• WORK INSTRUCTIONS
From the first line of the listing below, retype each line up to and including the one with "Strada urbana allagata"; pictures stay out.

• DATA SHOWN
---

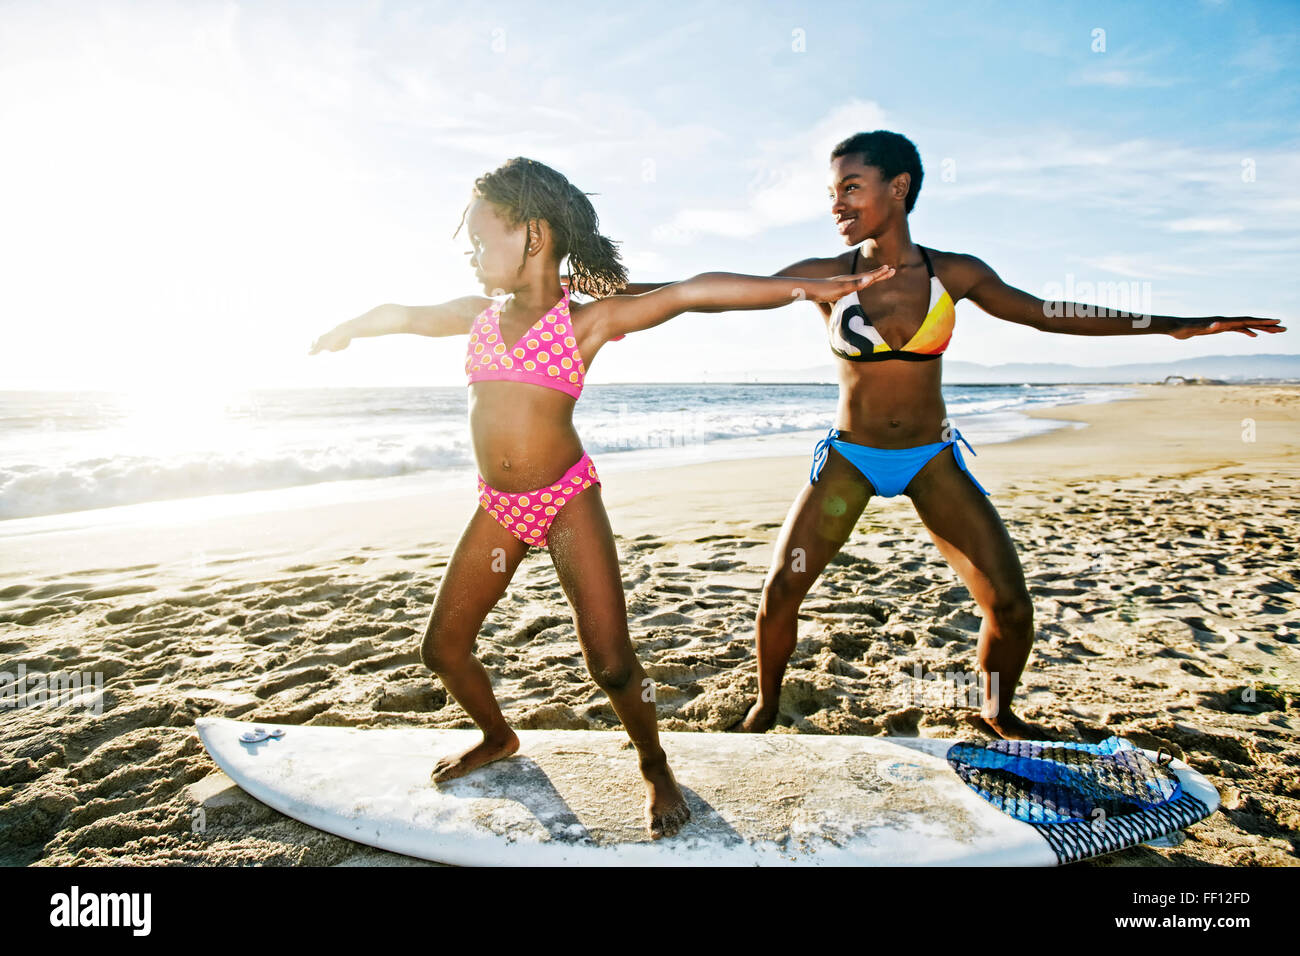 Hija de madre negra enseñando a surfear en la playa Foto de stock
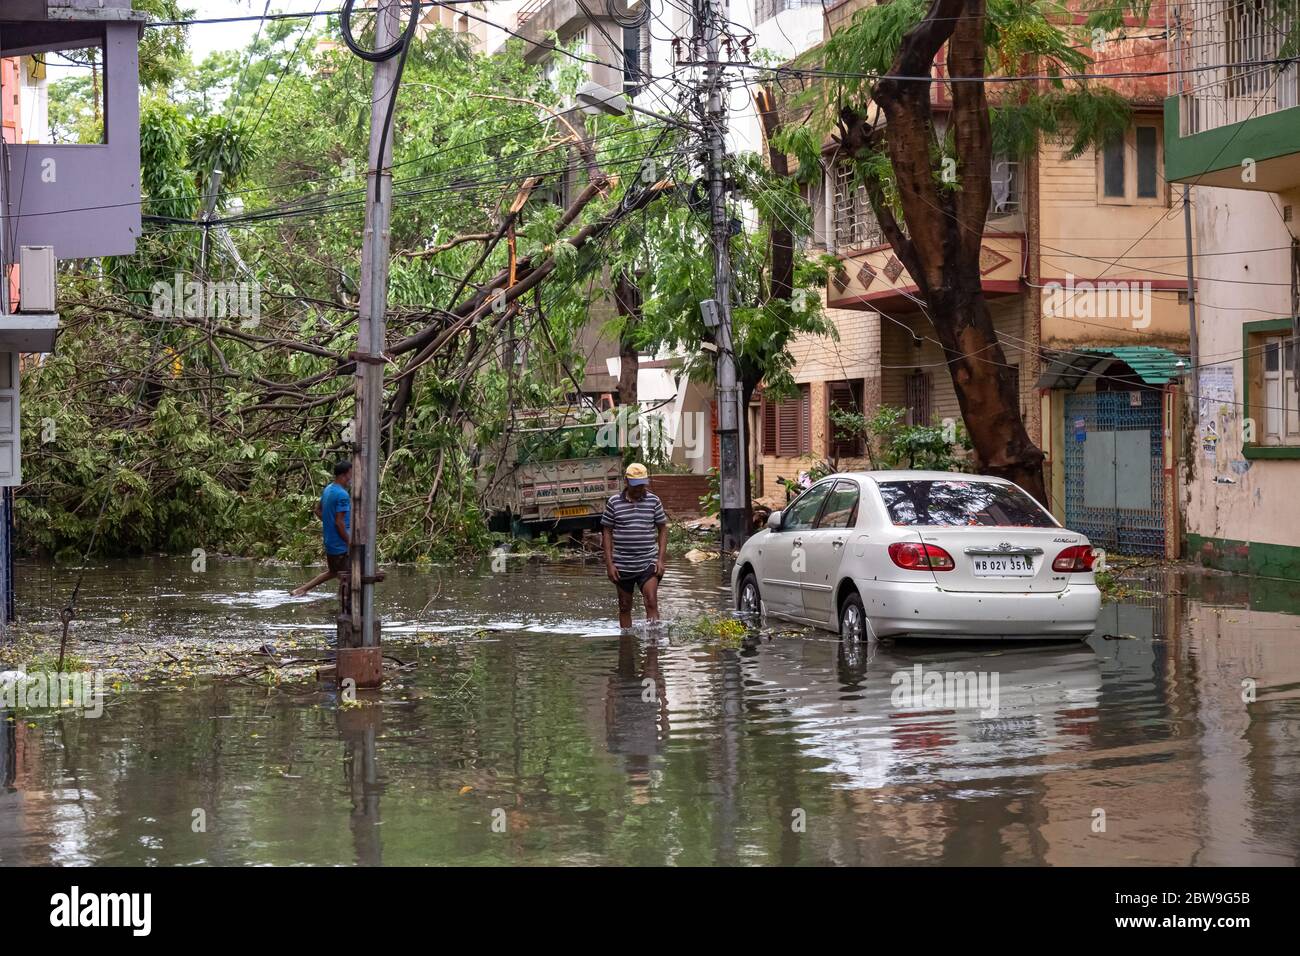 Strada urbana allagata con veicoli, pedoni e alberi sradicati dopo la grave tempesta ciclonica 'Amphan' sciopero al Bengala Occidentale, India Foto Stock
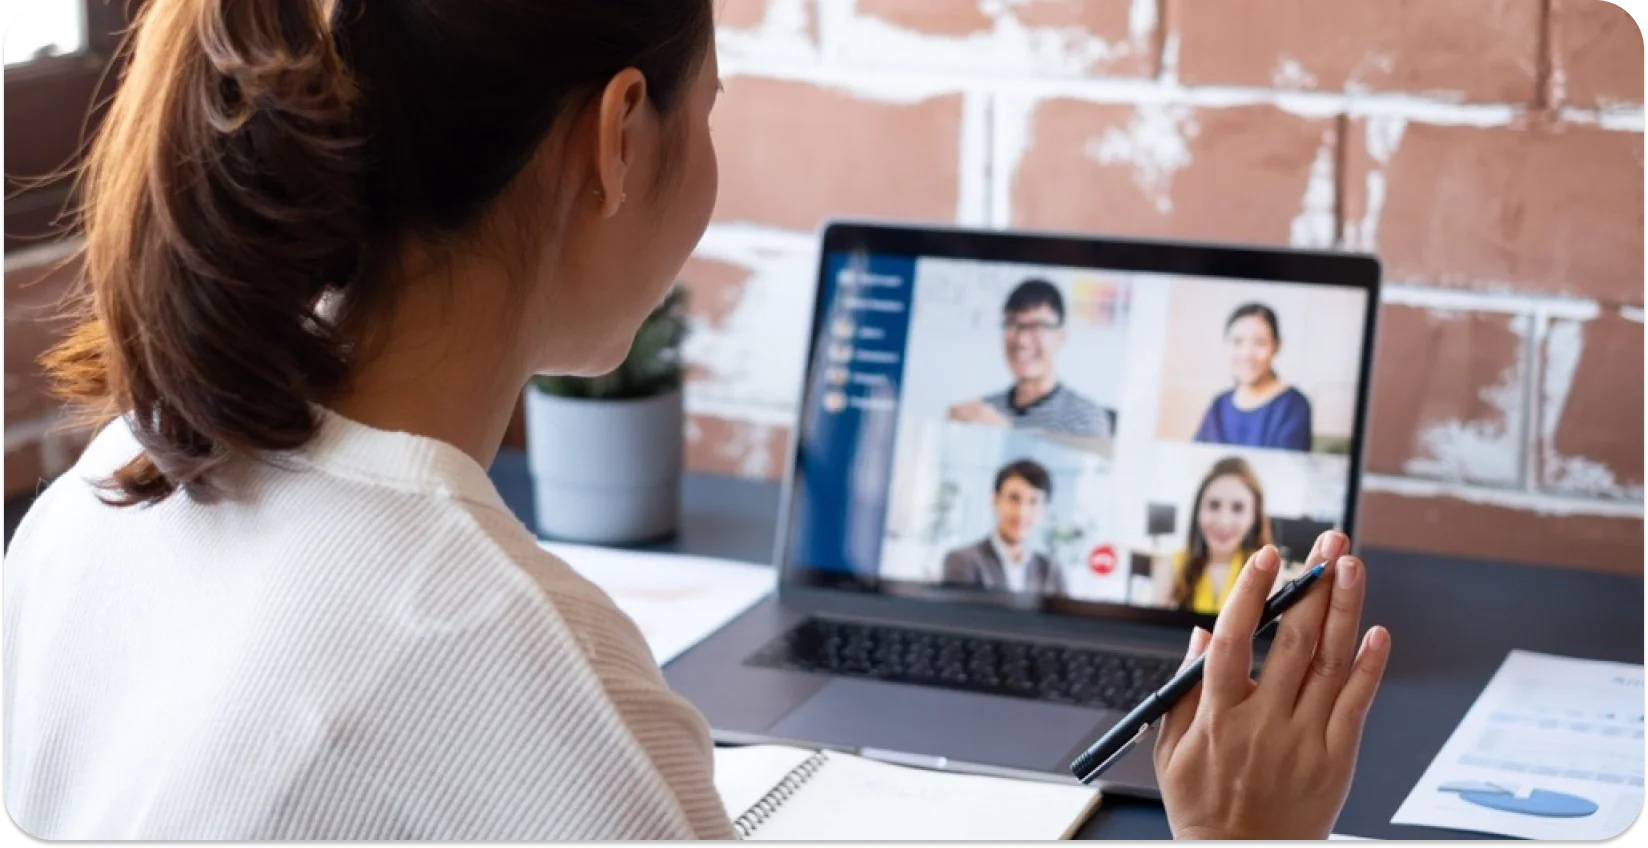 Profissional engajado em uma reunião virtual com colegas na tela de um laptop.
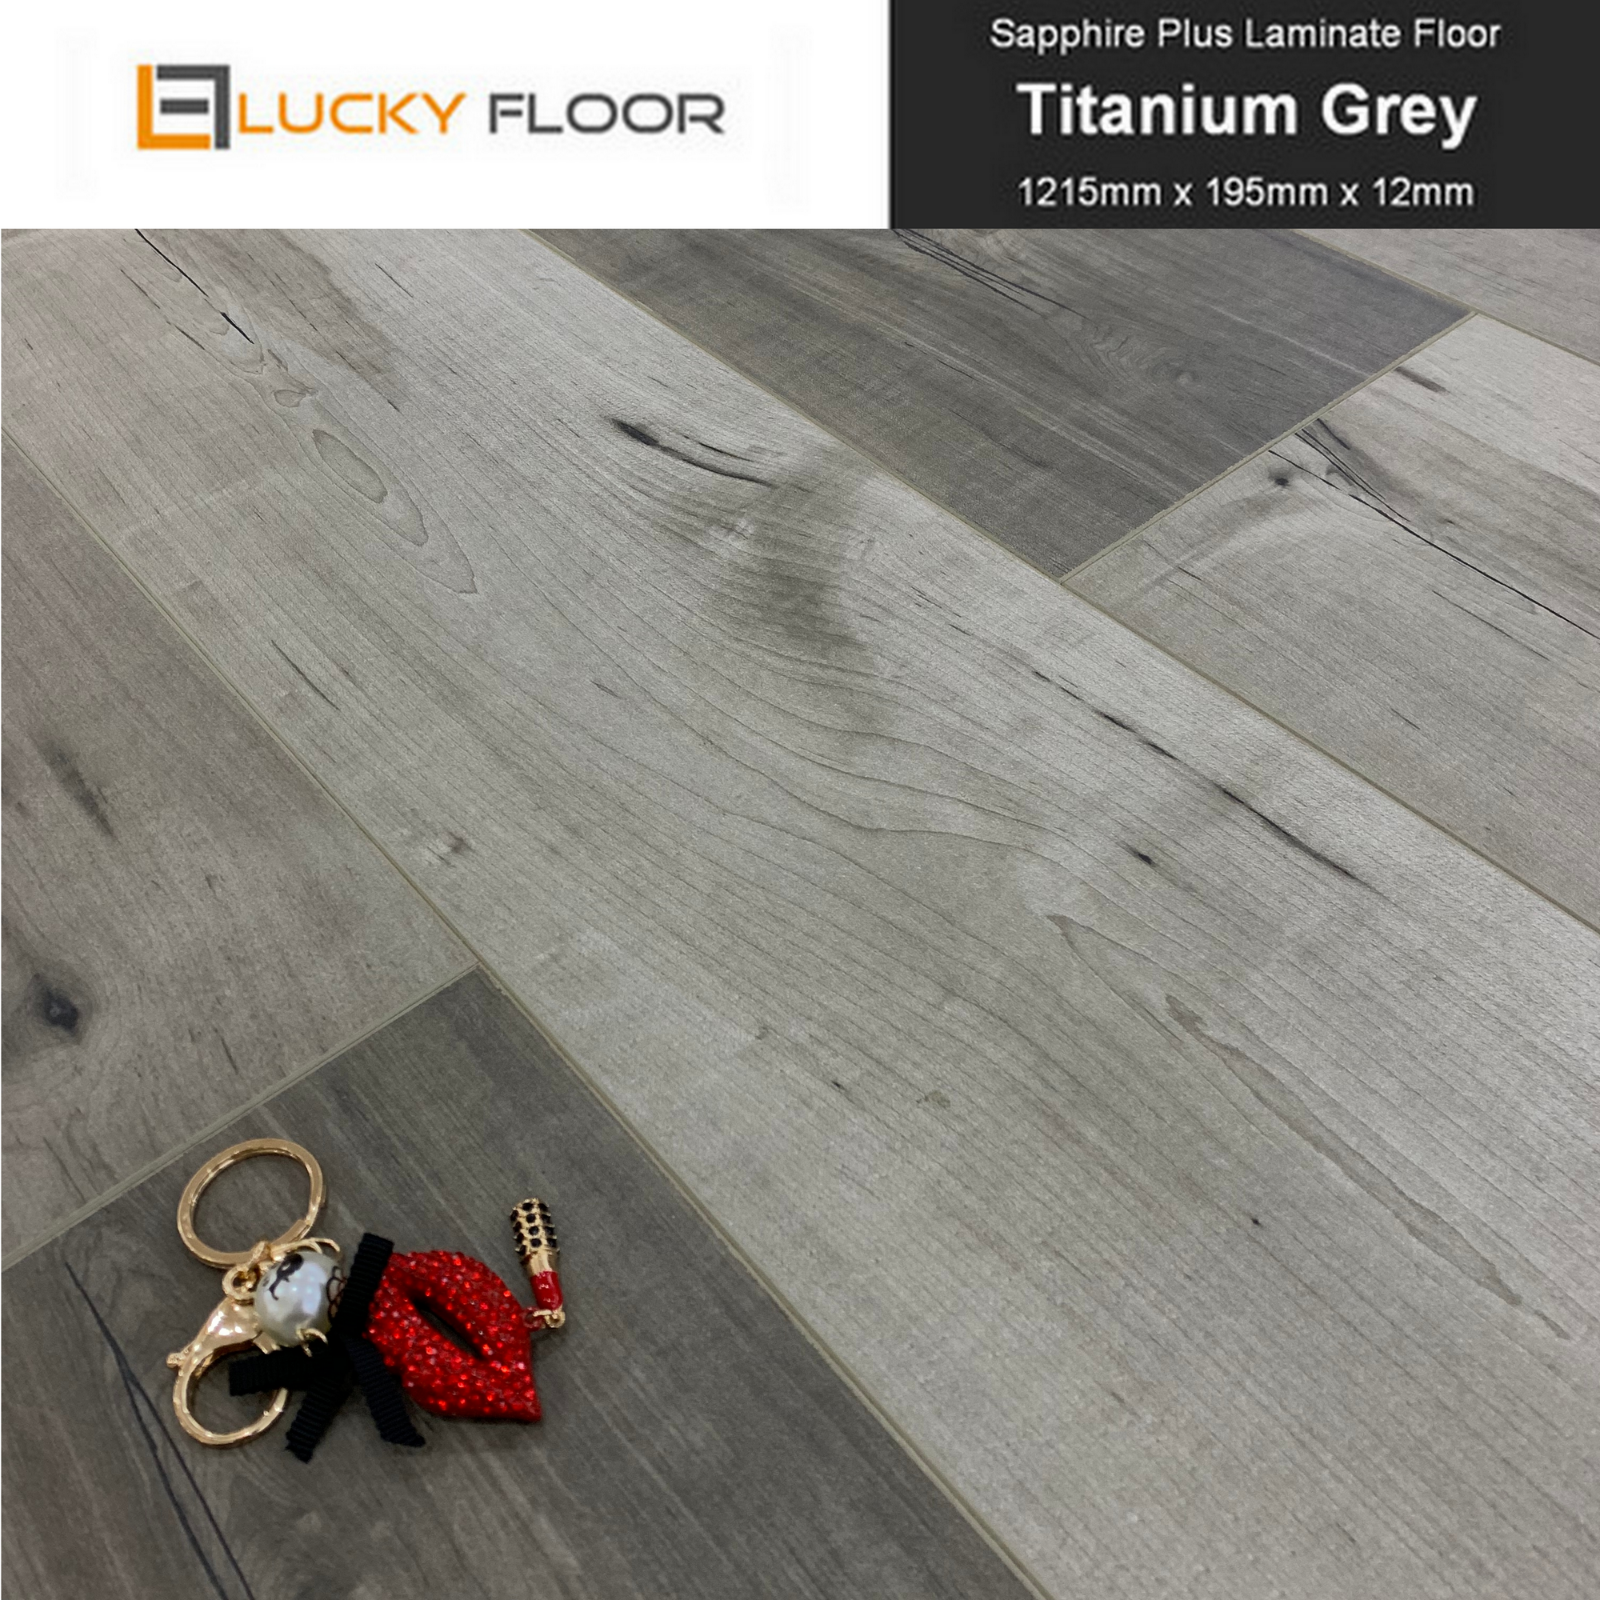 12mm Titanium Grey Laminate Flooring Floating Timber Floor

---

• SOLUTION FOR THIS PROBLEM
 Hija de madre negra enseñando a surfear en la playa Foto de stock
 Strada urbana allagata con veicoli, pedoni e alberi sradicati dopo la grave tempesta ciclonica 'Amphan' sciopero al Bengala Occidentale, India Foto Stock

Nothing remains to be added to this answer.